2. What are the key KQL operators for the AZ-104 exam?
Show Answer
| Operator | Purpose | Example |
|---|---|---|
| where | Filter rows | where CounterValue > 80 |
| project | Select columns | project Computer, TimeGenerated |
| summarize | Aggregate | summarize avg(CounterValue) by Computer |
| bin() | Time bucketing | bin(TimeGenerated, 5m) |
| join | Combine tables | Table1 | join Table2 on Column |
| render | Visualize | render timechart |
| extend | Add calculated column | extend GB = Bytes / 1073741824 |
| order by | Sort | order by Count desc |
| top | Take N highest | top 10 by Value desc |
| count | Count rows | count |
3. What is the difference between Azure Monitor Agent (AMA) and the legacy Log Analytics Agent (MMA)?
Show Answer
| Feature | AMA (New) | MMA/OMS (Legacy) |
|---|---|---|
| Configuration | Data Collection Rules | Workspace settings |
| Multi-homing | Native (multiple DCRs) | Limited |
| Authentication | Managed Identity | Workspace key |
| Filtering | At source (DCR) | At workspace |
| Status | Current, recommended | Deprecated (Aug 2024) |
| Extension name | AzureMonitorLinuxAgent / AzureMonitorWindowsAgent | OmsAgentForLinux / MicrosoftMonitoringAgent |
4. How does workspace retention work?
Show Answer
- Default retention: 30 days (included in Per-GB price)

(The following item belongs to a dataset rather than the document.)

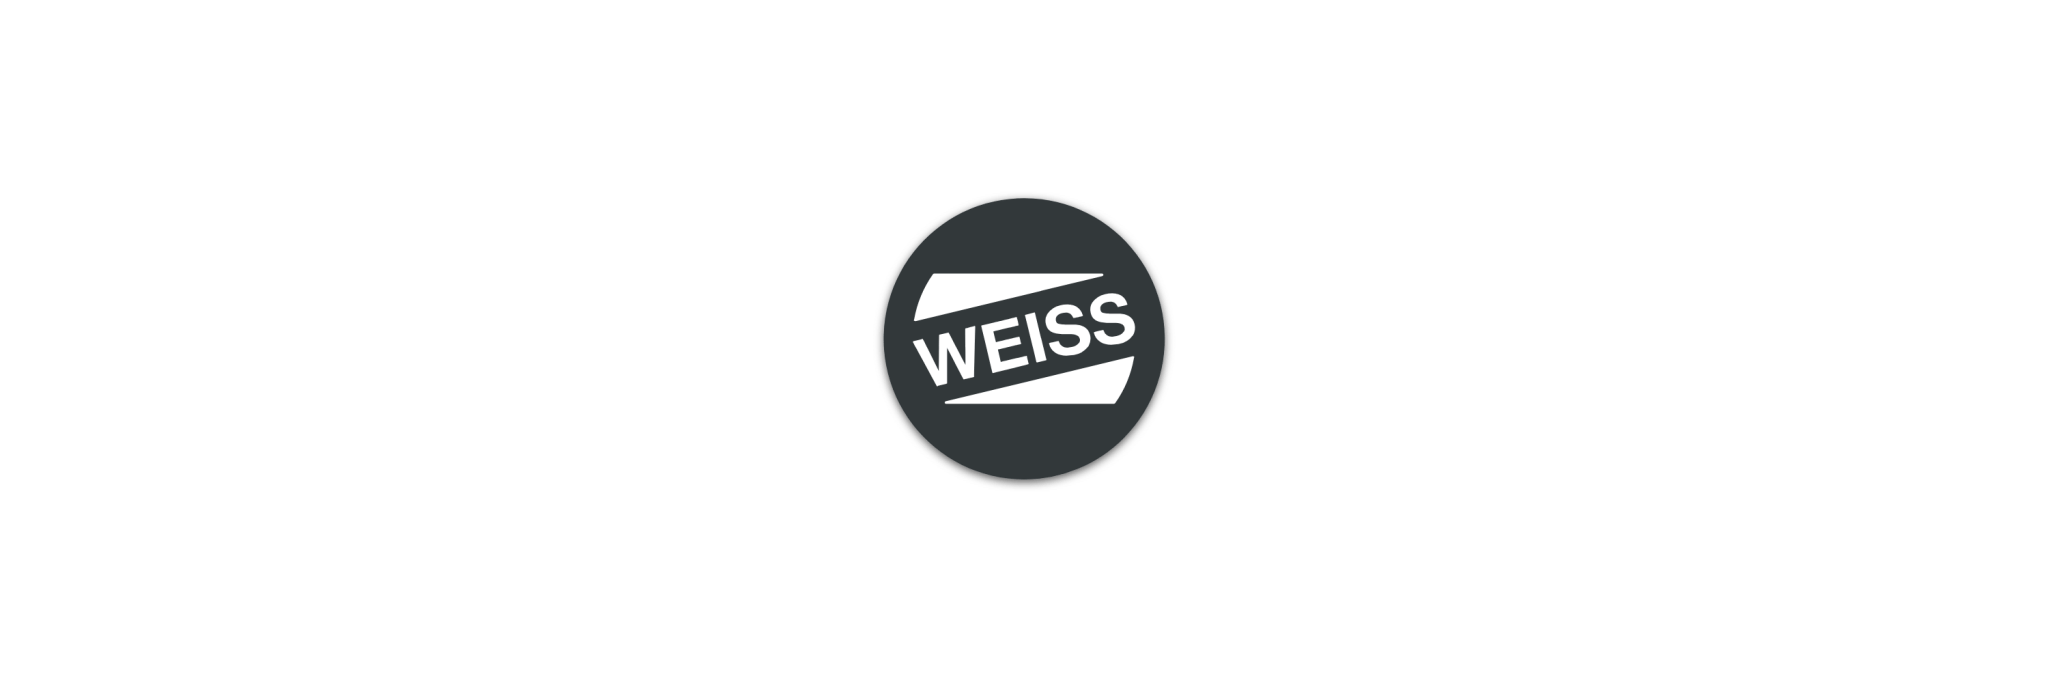 WEISS - Klenk Maschinenhandel

- Configurable: 30-730 days (additional cost beyond 30 days)
- Table-level retention: Override workspace default per table
- Archive tier: Data older than retention is moved to archive (cheaper, requires restore to query)
- Interactive retention: Data queryable immediately
- Compliance: Some regulations require 1+ year retention
Cleanup
# Delete all resources
az group delete --name $RG --yes --no-wait
echo "Resources are being deleted in the background."